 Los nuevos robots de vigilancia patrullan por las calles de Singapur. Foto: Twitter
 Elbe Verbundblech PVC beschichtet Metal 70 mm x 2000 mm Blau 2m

---

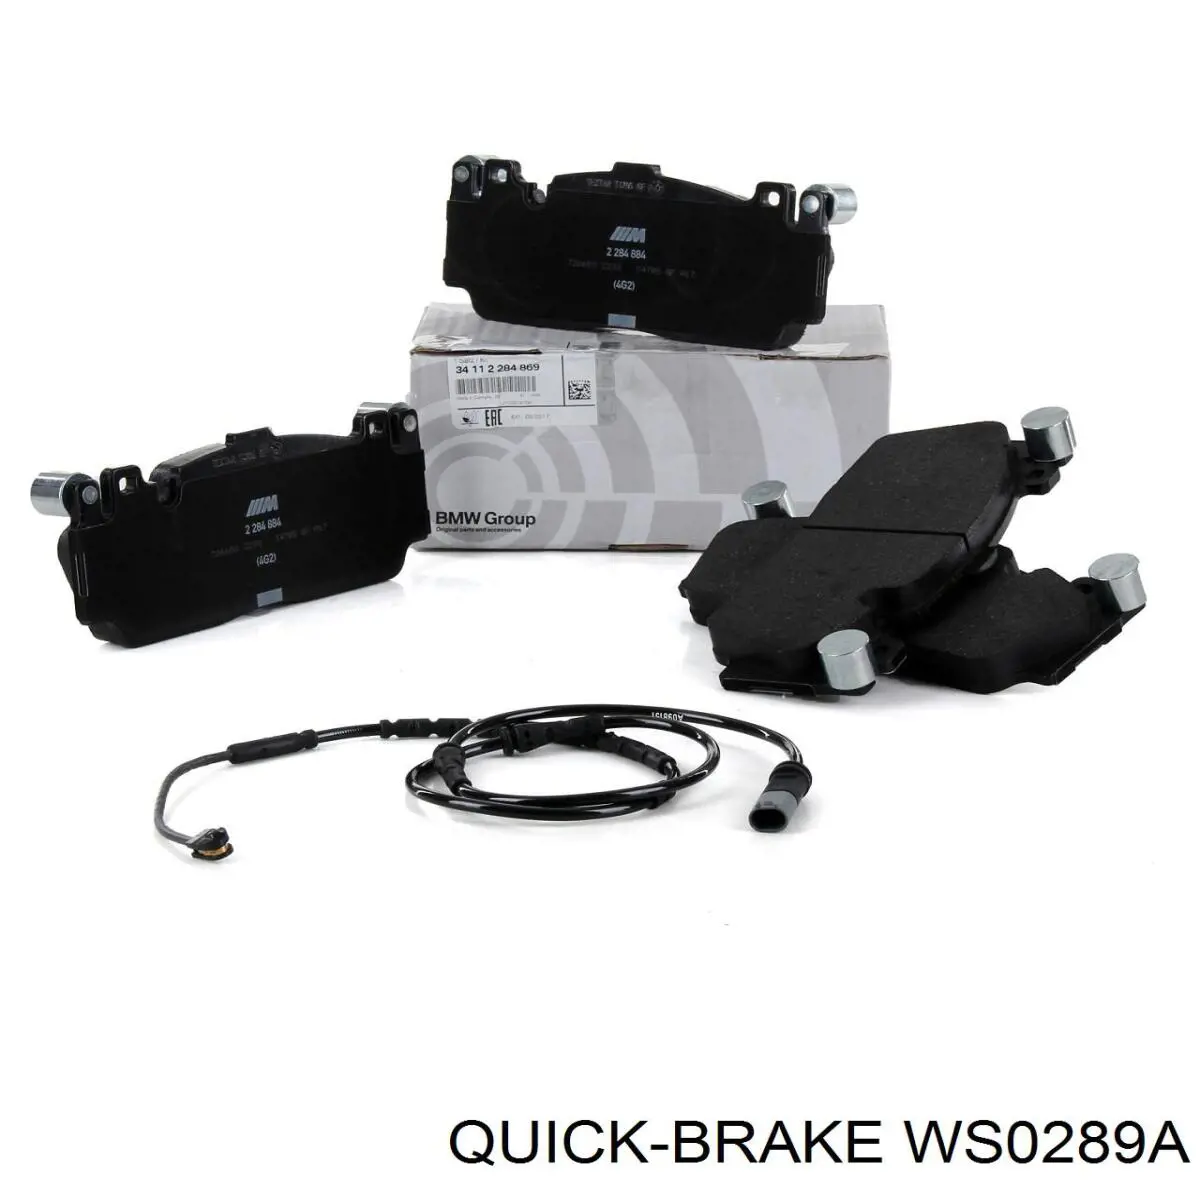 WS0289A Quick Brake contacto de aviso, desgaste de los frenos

* * *

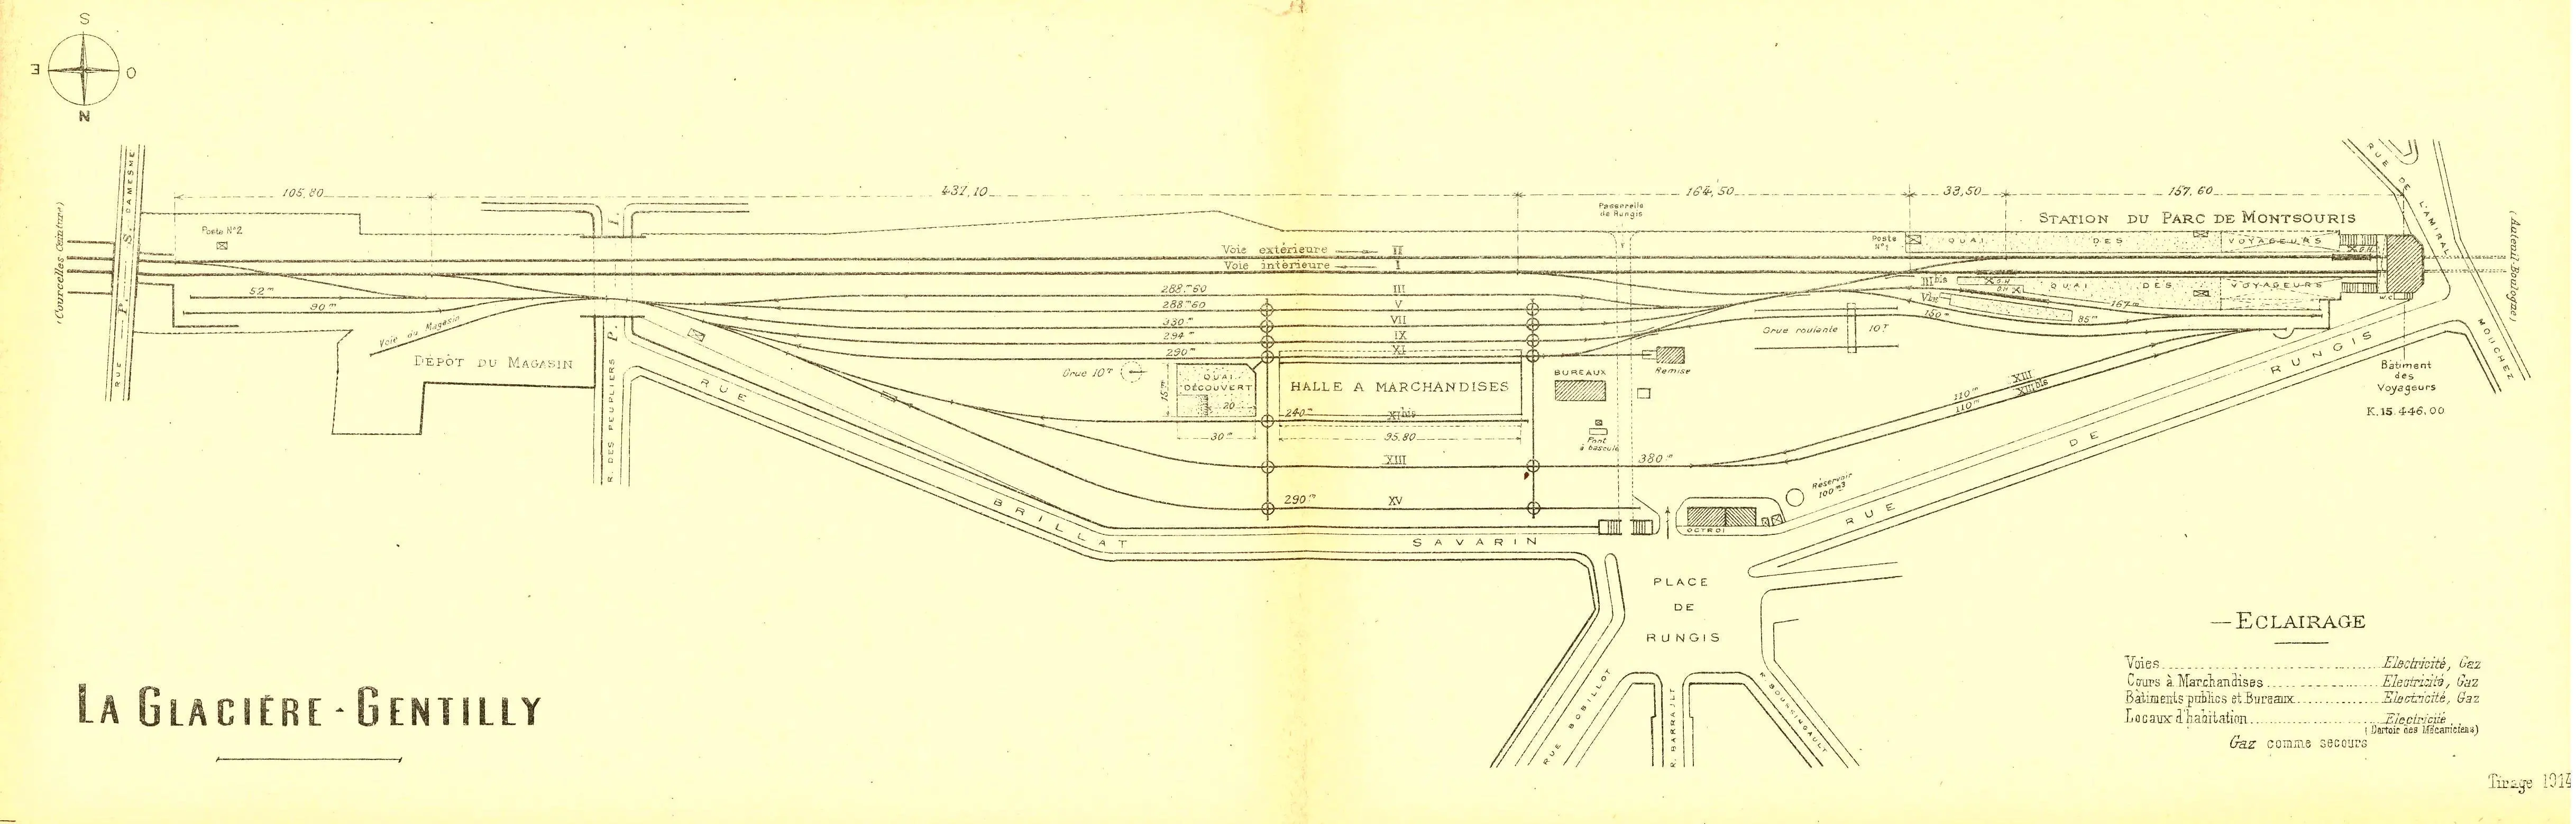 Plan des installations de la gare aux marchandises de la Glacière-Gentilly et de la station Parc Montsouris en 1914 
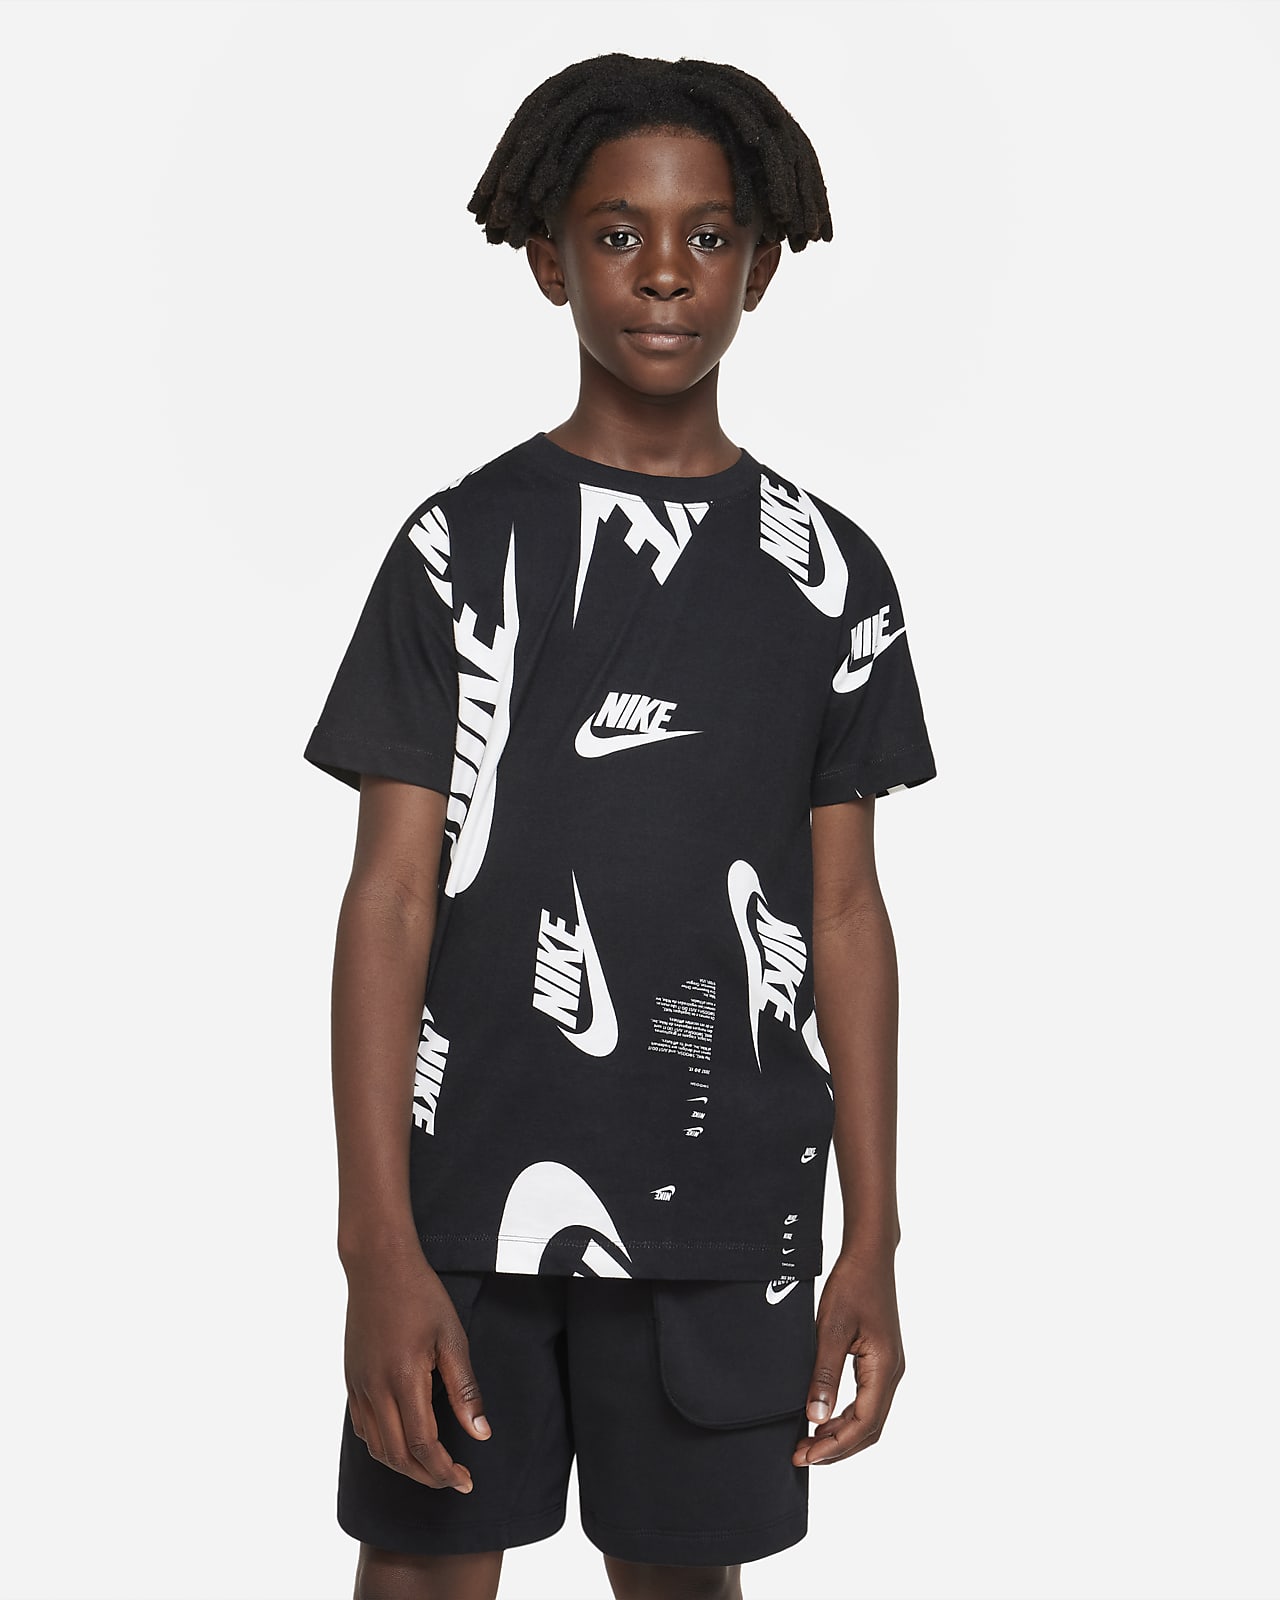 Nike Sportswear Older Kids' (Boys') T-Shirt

Goal of the exercise | Once the line with "Plan des installations" has been found above, output that line and every later line exactly, stopping after the line with "Nike Sportswear Older Kids' (Boys') T-Shirt", and omit the pictures.

Answer to this task |
 Plan des installations de la gare aux marchandises de la Glacière-Gentilly et de la station Parc Montsouris en 1914 
 Nike Sportswear Older Kids' (Boys') T-Shirt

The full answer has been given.